Current Report No.: 24/2015
Current Report No.: 24/2015
Date of preparation: 15.07.2015
Short name of issuer: Enea S.A.
Subject: Information on intergroup bonds issued by Enea Wytwarzanie sp. z o.o.
Legal basis: Article 56 item 1(2) of the Act on Offerings - current and periodic information
Content of report:
The Management Board of Enea S.A. (Company) informs that in relation to the issue on 15 July 2015 by Enea Wytwarzanie sp. z o.o. (Enea Wytwarzanie) of another series of bonds with the nominal value of PLN 936 mln (Bonds), the total nominal value of intergroup bonds issued by Enea Wytwarzanie and purchased by Enea S.A. from 28 November 2014 (when the Company published the current report No. 33/2014 regarding the bonds issued by Enea Wytwarzanie) until 15 July 2015, exceeded the threshold of 10% of Enea S.A.'s equity and amounted to PLN 1,696 mln.
The transaction of the highest value was the one described above of 15 July 2015. The redemption date for the Bonds is July 2021. The Bonds are registered and dematarialised and were issued at the issue price equal to their nominal value.
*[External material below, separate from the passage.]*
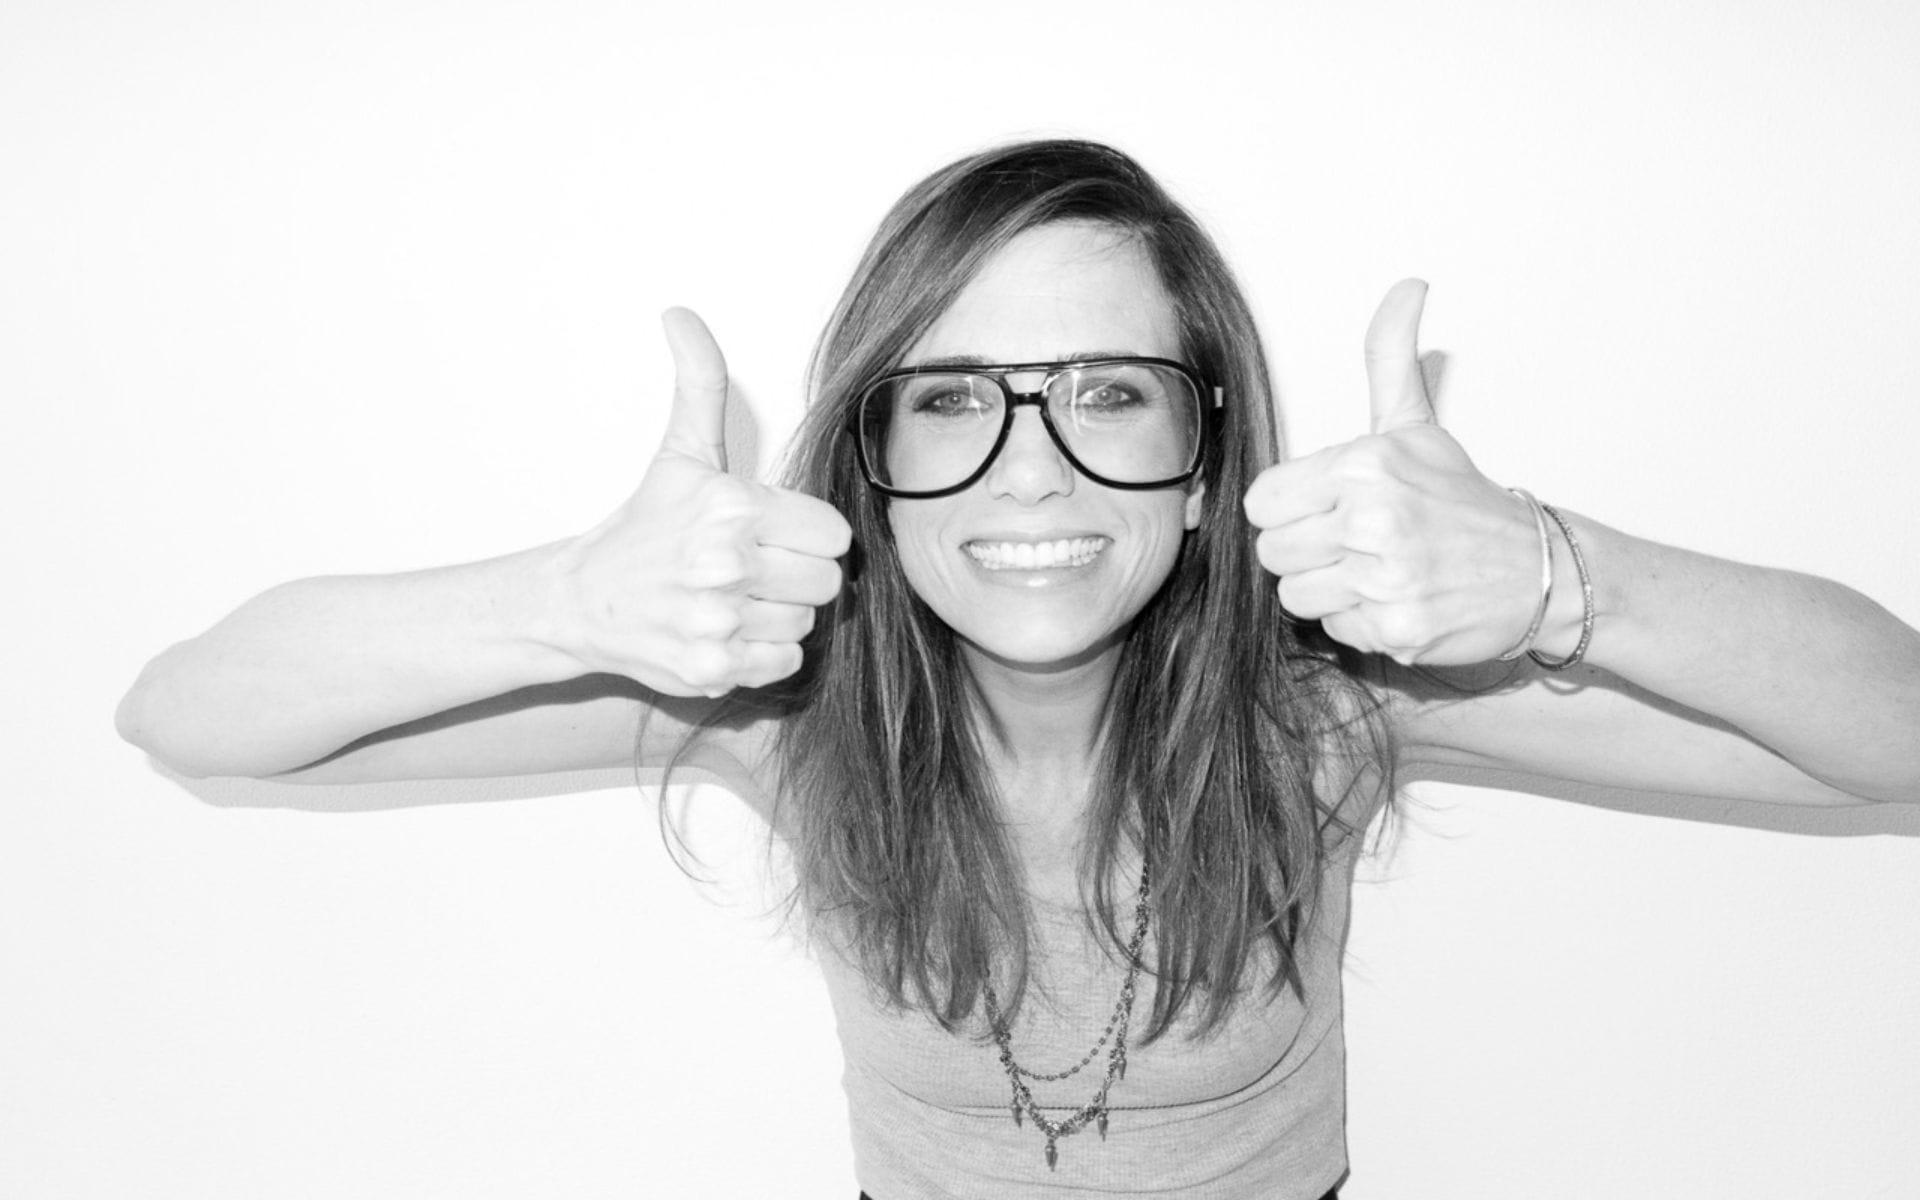 Kristen Wiig Free

The interest rate of the Bonds is floating and determined annually based on WIBOR 3M rate plus a fixed margin. The Bonds bear interest from the issue date (inclusive) until the redemption date (exclusive). The Bonds were issued in accordance with the Act of 15 January 2015 on bonds, the offering was performed under Article 33 item 2 of the Act. The Bonds were not issued as a public offer under the Act on Public Offerings and the Conditions for Introducing Financial Instruments to the Organised Trading System and on Public Companies of 29 July 2005.
At the same time, the Company informs that the Bond issue mentioned above was paid via a set-off of Enea SA.'s receivables from Enea Wytwarzanie for the redemption of bonds of the previous series issued by Enea Wytwarzanie. The Bond issue's purpose was keeping by Enea Wytwarzanie the availability of cash used for the implementation of the investments, including the financing of the construction of the B-11 power unit in Kozienice Power Plant and other investment needs of the company. Due to consolidation exclusions all the above mentioned transactions do not affect the consolidated results of Enea Capital Group.
The criterion for deeming the total value of the bond acquisition transaction significant the Company assumed 10% of equity.